Read The Scarlet Pimpernel Online

Authors: Baroness Emmuska Orczy

The Scarlet Pimpernel (7 page)

BOOK: The Scarlet Pimpernel
5.86Mb size Format: txt, pdf, ePub
ads

But then Blakeney was really too stupid to notice the ridicule with
which his wife covered him, and if his matrimonial relations with the
fascinating Parisienne had not turned out all that his hopes and his
dog-like devotion for her had pictured, society could never do more than
vaguely guess at it.

In his beautiful house at Richmond he played second fiddle to his clever
wife with imperturbable BONHOMIE; he lavished jewels and luxuries of
all kinds upon her, which she took with inimitable grace, dispensing the
hospitality of his superb mansion with the same graciousness with which
she had welcomed the intellectual coterie of Paris.

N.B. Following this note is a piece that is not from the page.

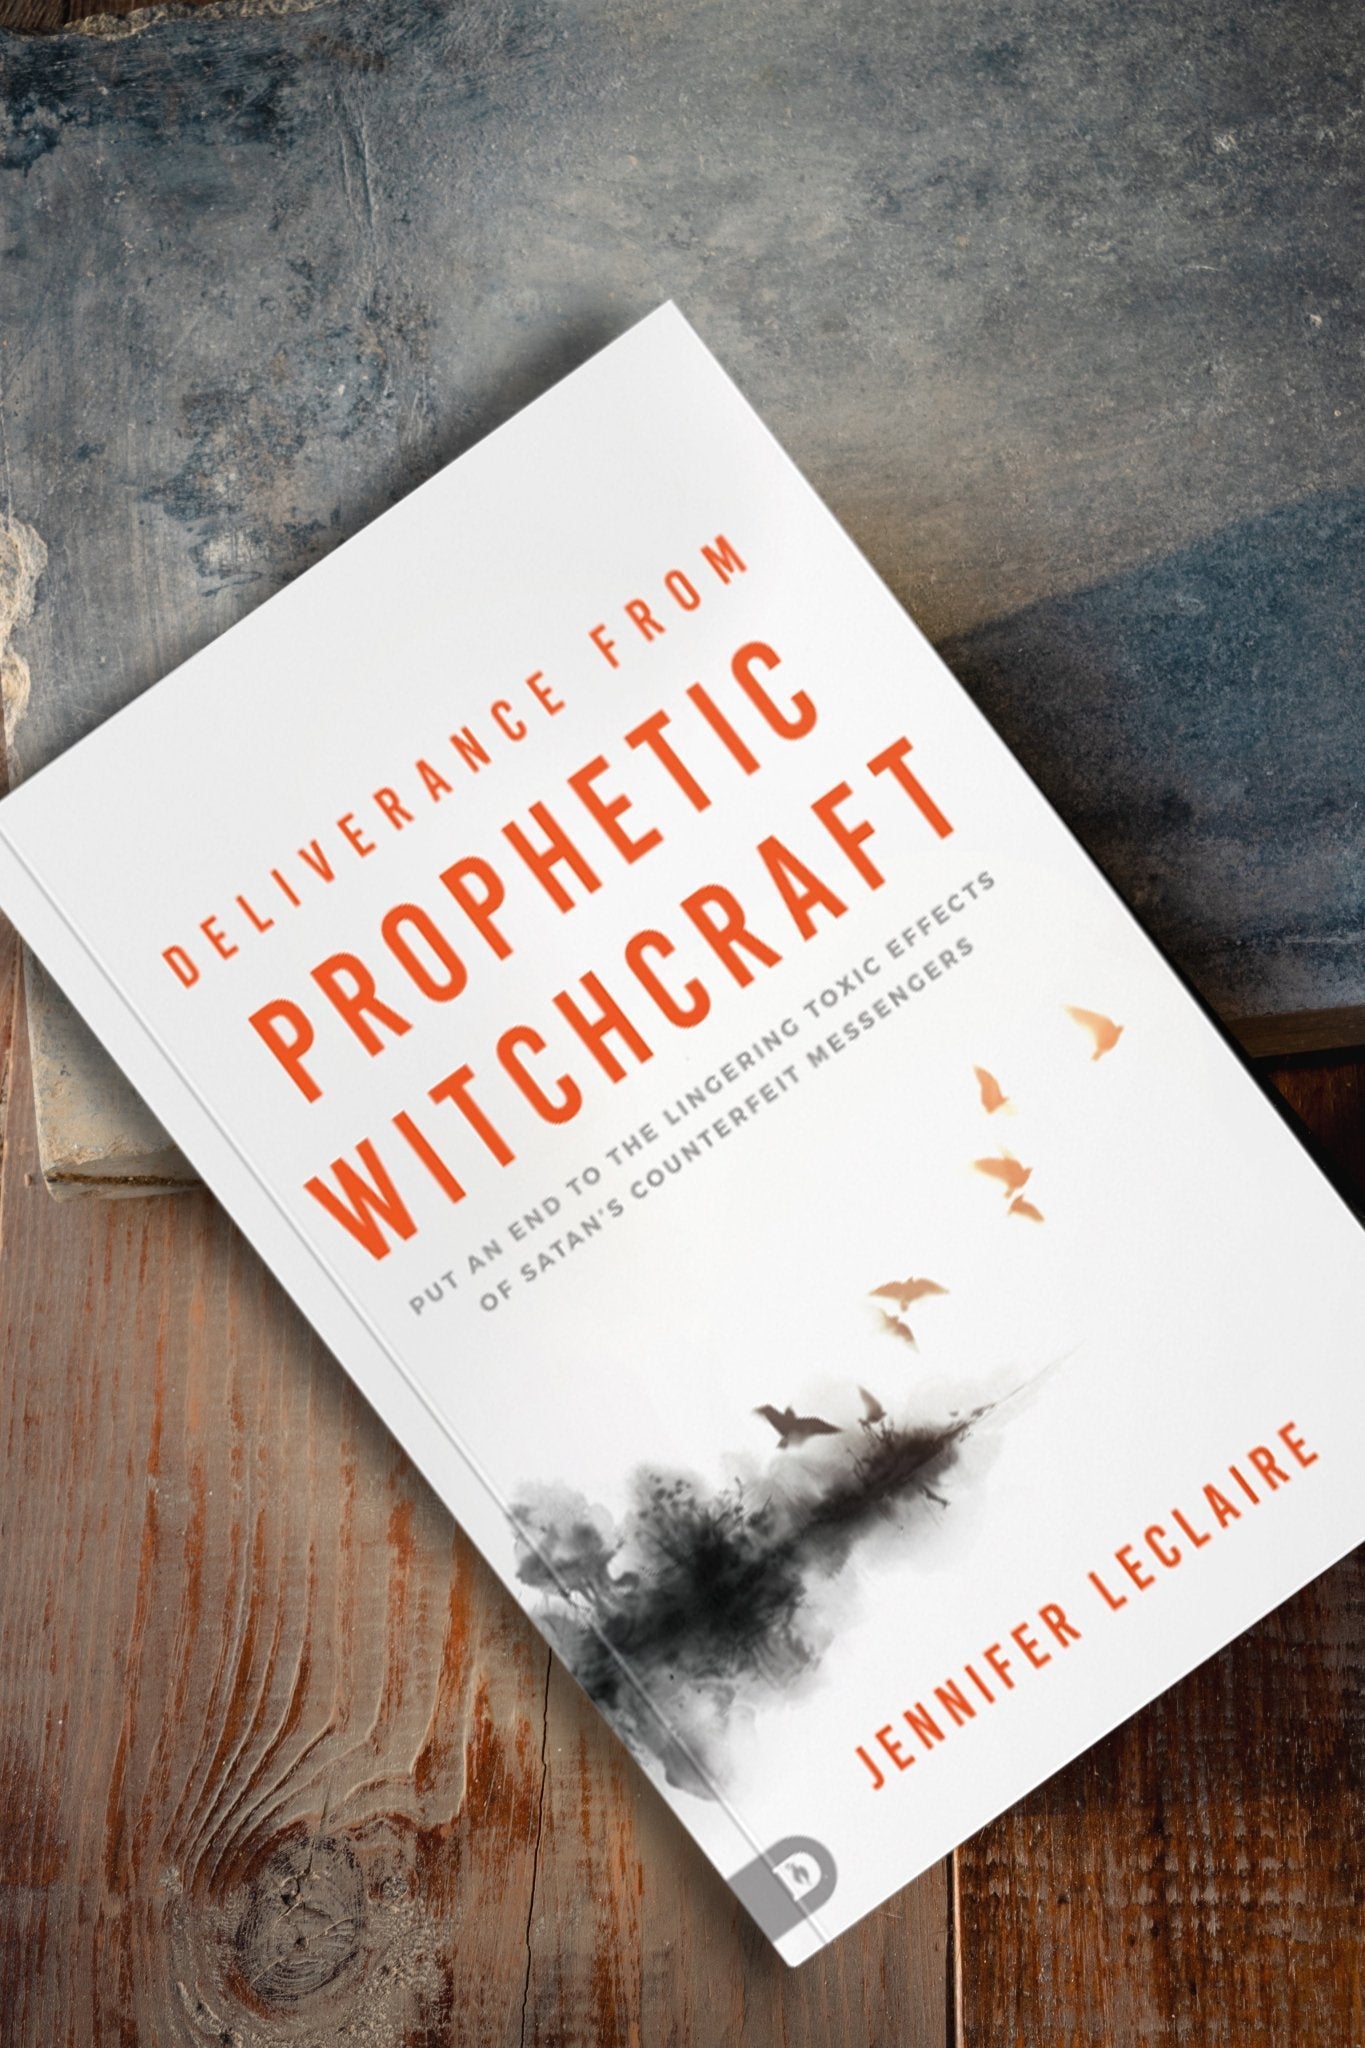 Deliverance from Prophetic Witchcraft: Put an End to the Lingering Toxic Effects of Satan's Counterfeit Messengers Paperback – September 5, 2023 - Faith & Flame - Books and Gifts - Destiny Image - 9780768472820
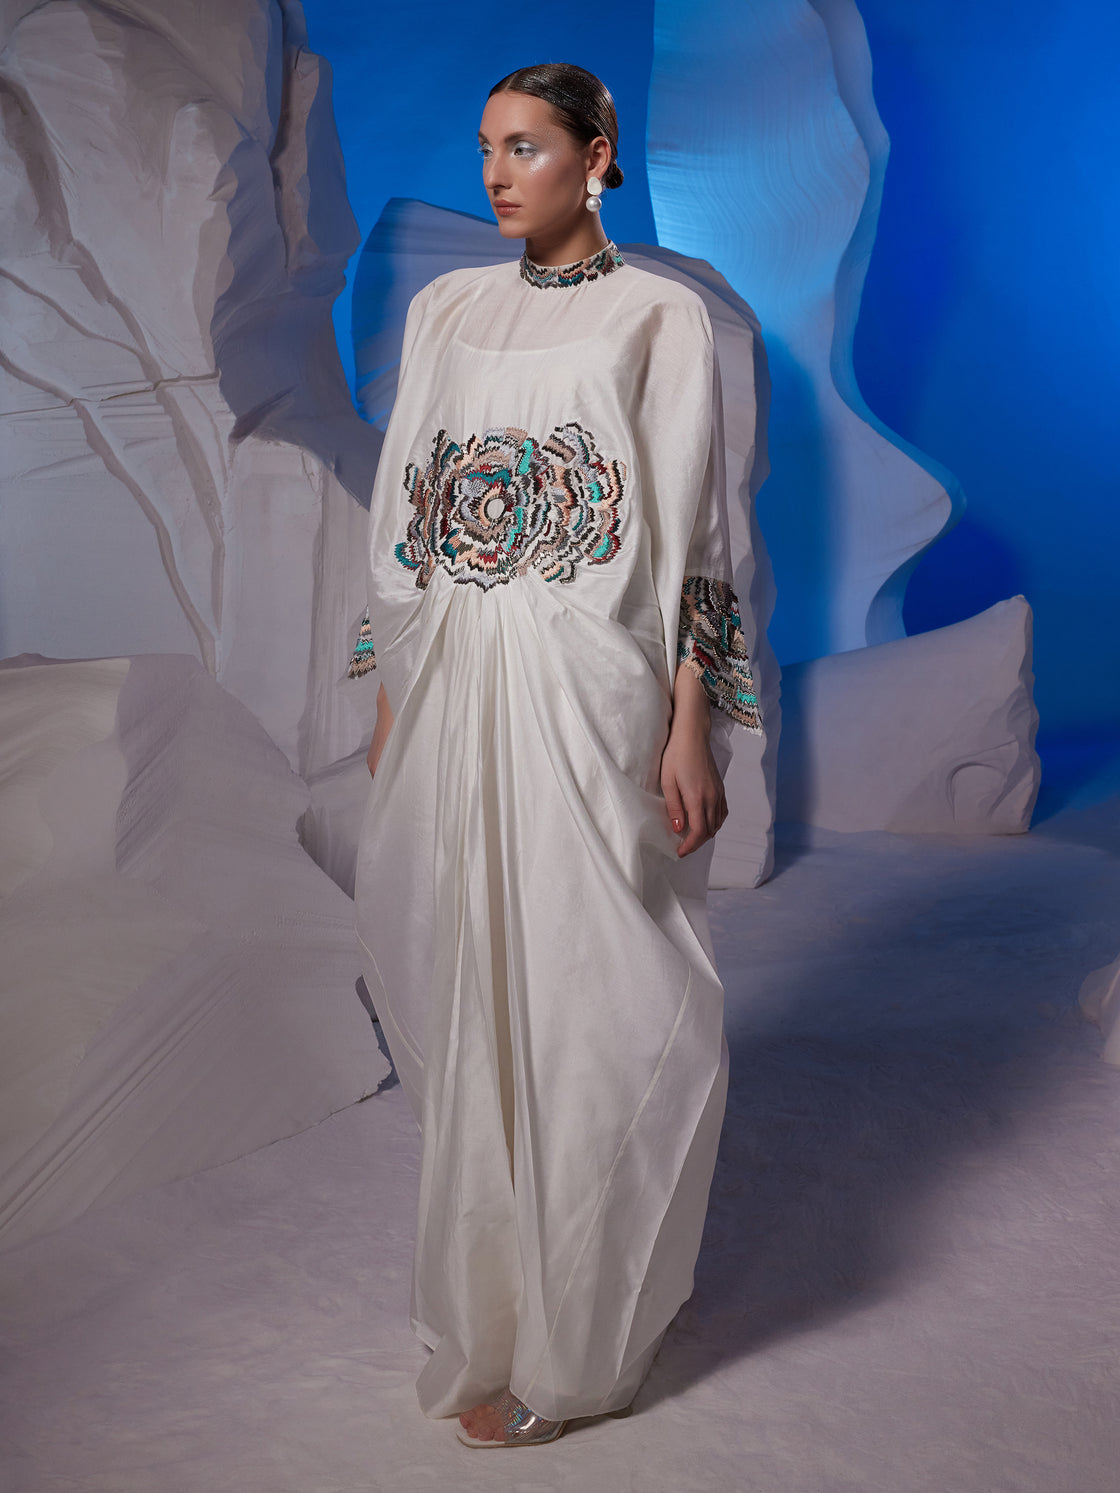 Cowl dress adorned with vibrant embroidery

Physically, Sir Percy Blakeney was undeniably handsome—always
excepting the lazy, bored look which was habitual to him. He was always
irreproachable dressed, and wore the exaggerated "Incroyable" fashions,
which had just crept across from Paris to England, with the perfect
good taste innate in an English gentleman. On this special afternoon in
September, in spite of the long journey by coach, in spite of rain and
mud, his coat set irreproachably across his fine shoulders, his hands
looked almost femininely white, as they emerged through billowy frills
of finest Mechline lace: the extravagantly short-waisted satin coat,
wide-lapelled waistcoat, and tight-fitting striped breeches, set off his
massive figure to perfection, and in repose one might have admired so
fine a specimen of English manhood, until the foppish ways, the affected
movements, the perpetual inane laugh, brought one's admiration of Sir
Percy Blakeney to an abrupt close.

He had lolled into the old-fashioned inn parlour, shaking the wet off
his fine overcoat; then putting up a gold-rimmed eye-glass to his lazy
blue eye, he surveyed the company, upon whom an embarrassed silence had
suddenly fallen.

"How do, Tony? How do, Ffoulkes?" he said, recognizing the two young
men and shaking them by the hand. "Zounds, my dear fellow," he added,
smothering a slight yawn, "did you ever see such a beastly day? Demmed
climate this."

With a quaint little laugh, half of embarrassment and half of sarcasm,
Marguerite had turned towards her husband, and was surveying him from
head to foot, with an amused little twinkle in her merry blue eyes.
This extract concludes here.